● Your instructions
All of the data is to be written out again exactly, without the pictures.
*** Opening Data segment ***
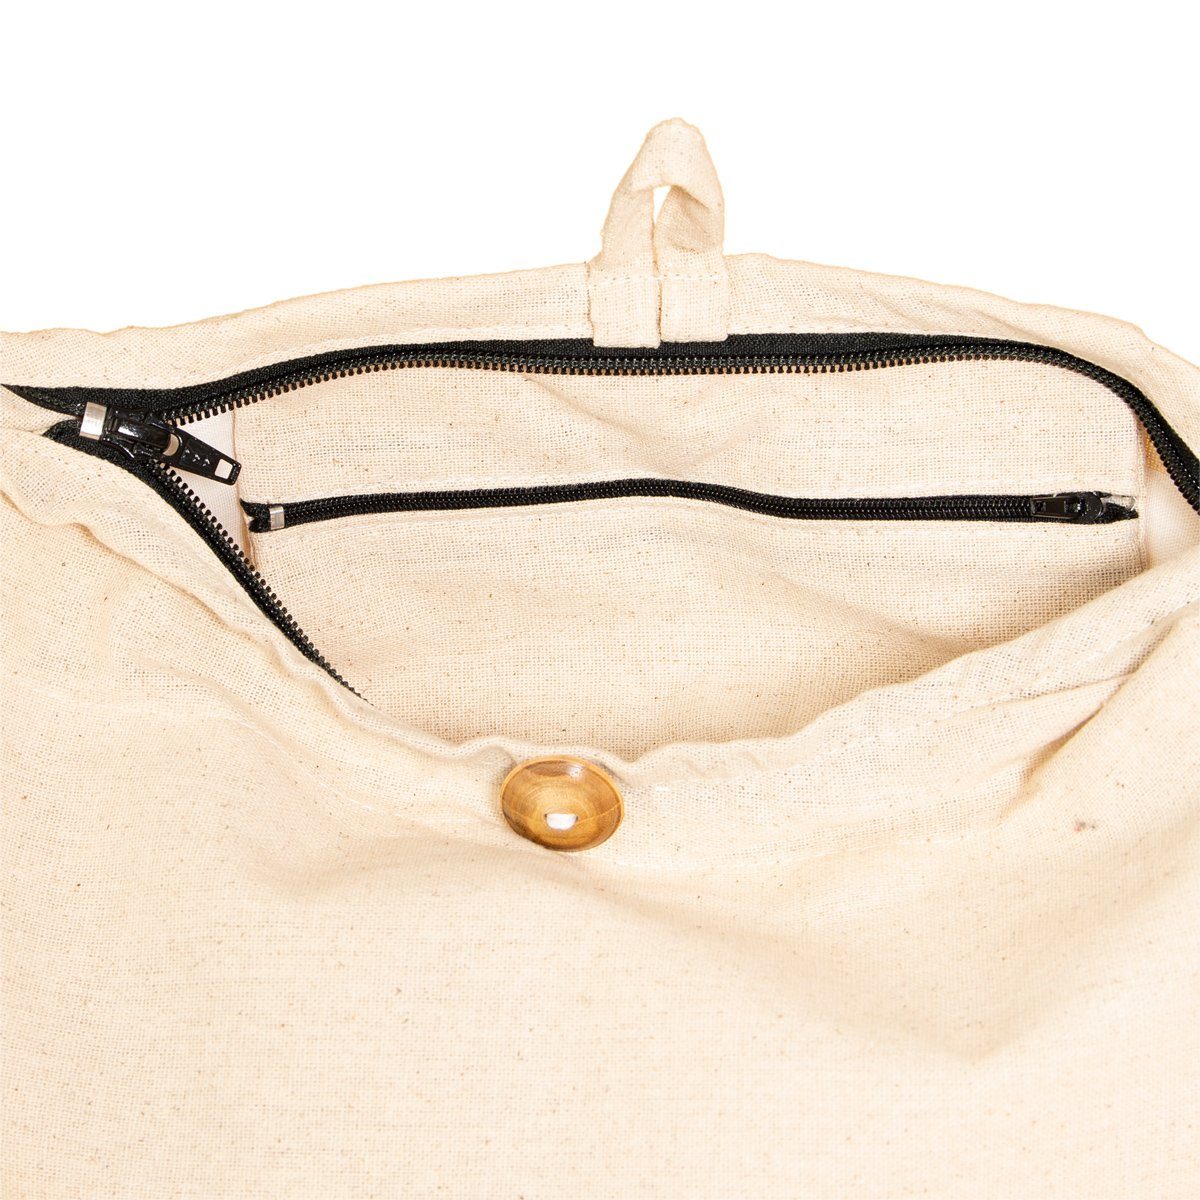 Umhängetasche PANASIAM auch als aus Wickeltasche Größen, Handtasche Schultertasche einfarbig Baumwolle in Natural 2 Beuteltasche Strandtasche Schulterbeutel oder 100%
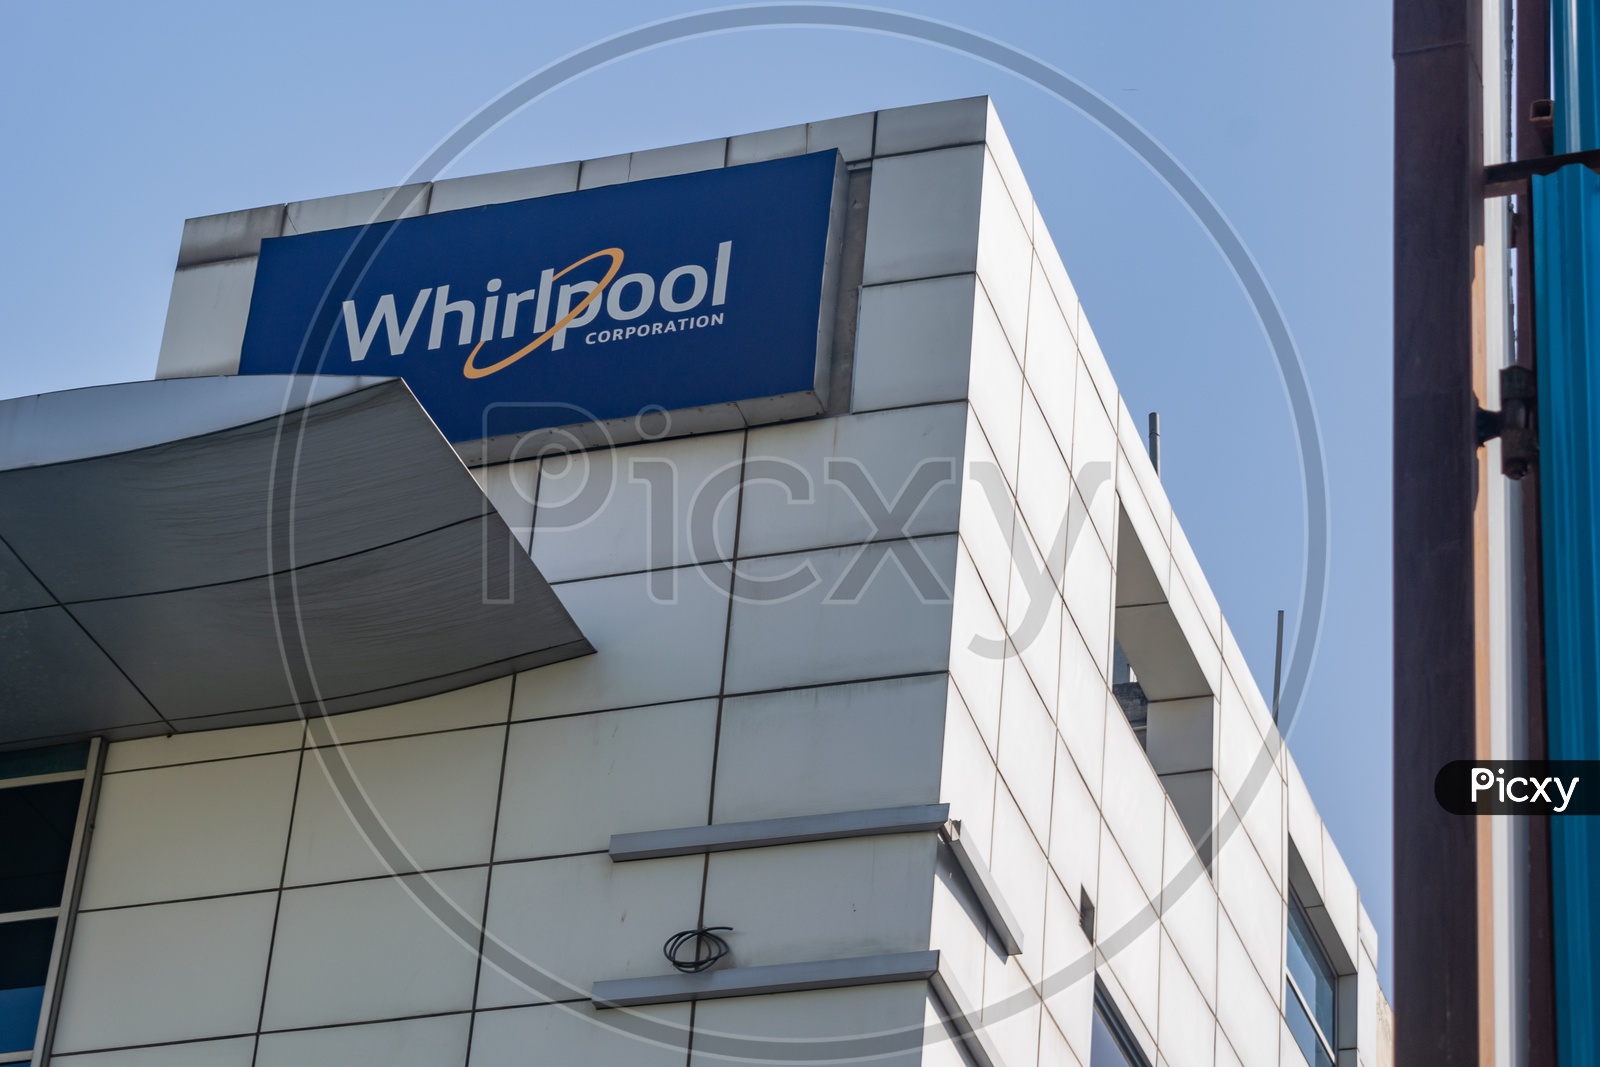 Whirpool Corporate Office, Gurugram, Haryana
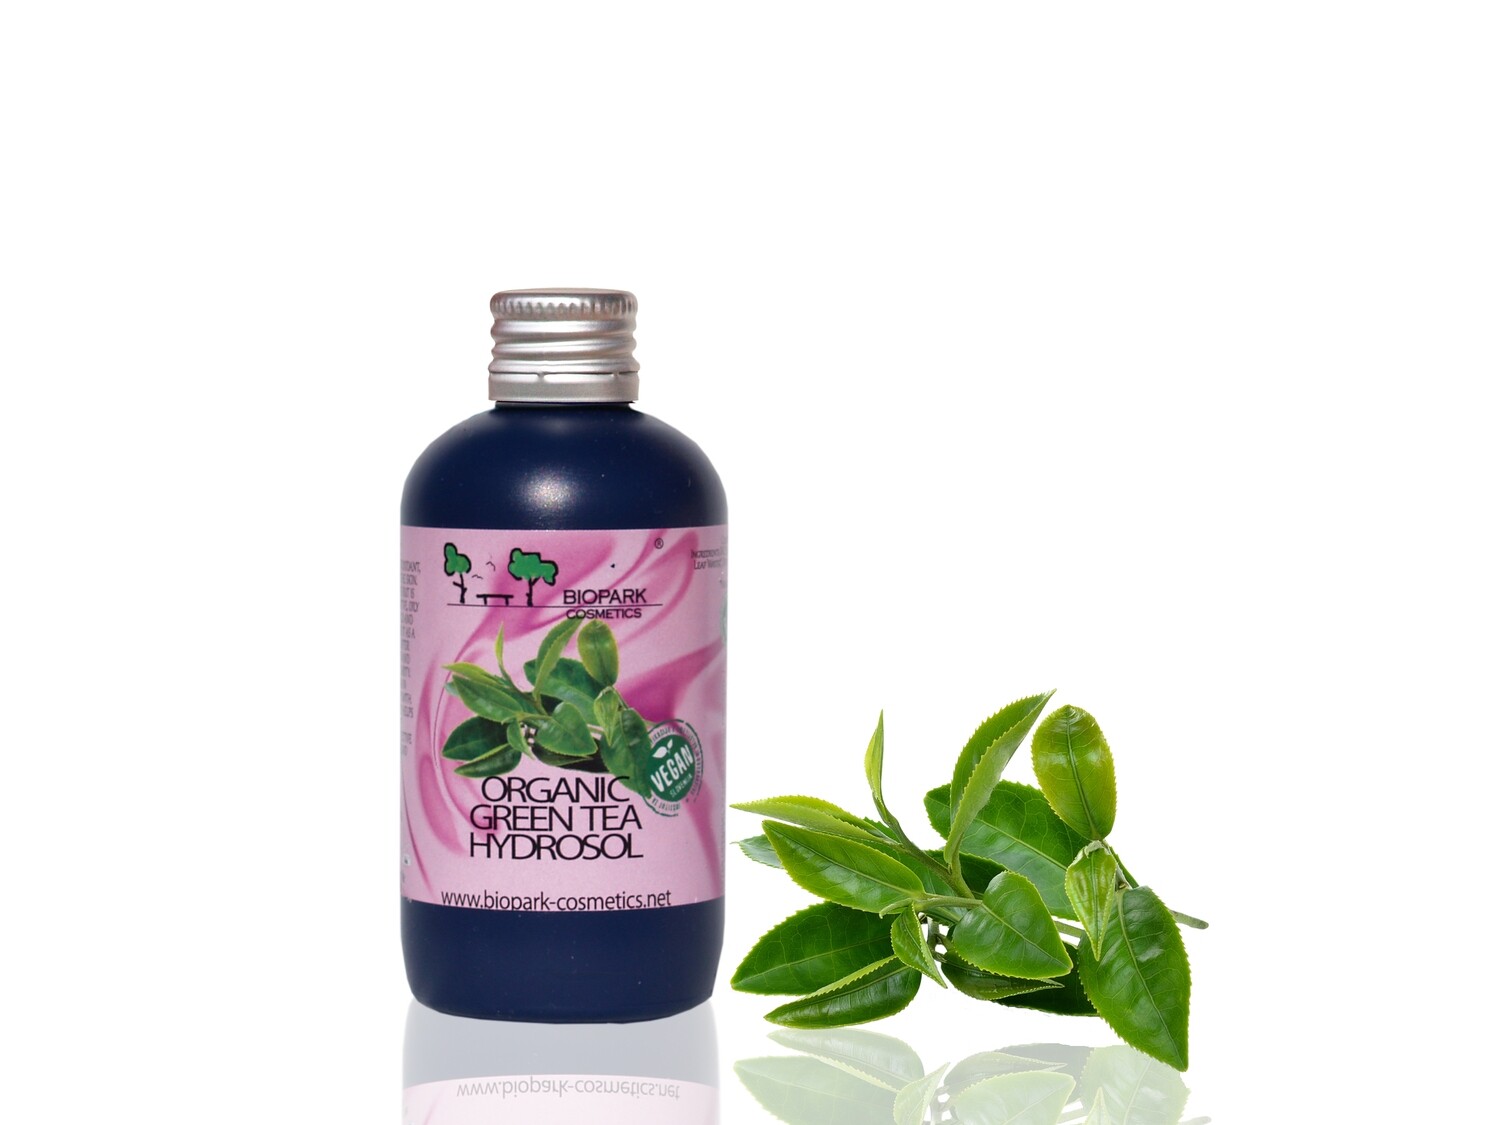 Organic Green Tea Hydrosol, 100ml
*** Closing Data segment ***
● Reply to the exercise
 Umhängetasche PANASIAM auch als aus Wickeltasche Größen, Handtasche Schultertasche einfarbig Baumwolle in Natural 2 Beuteltasche Strandtasche Schulterbeutel oder 100%
 Whirpool Corporate Office, Gurugram, Haryana
 Organic Green Tea Hydrosol, 100ml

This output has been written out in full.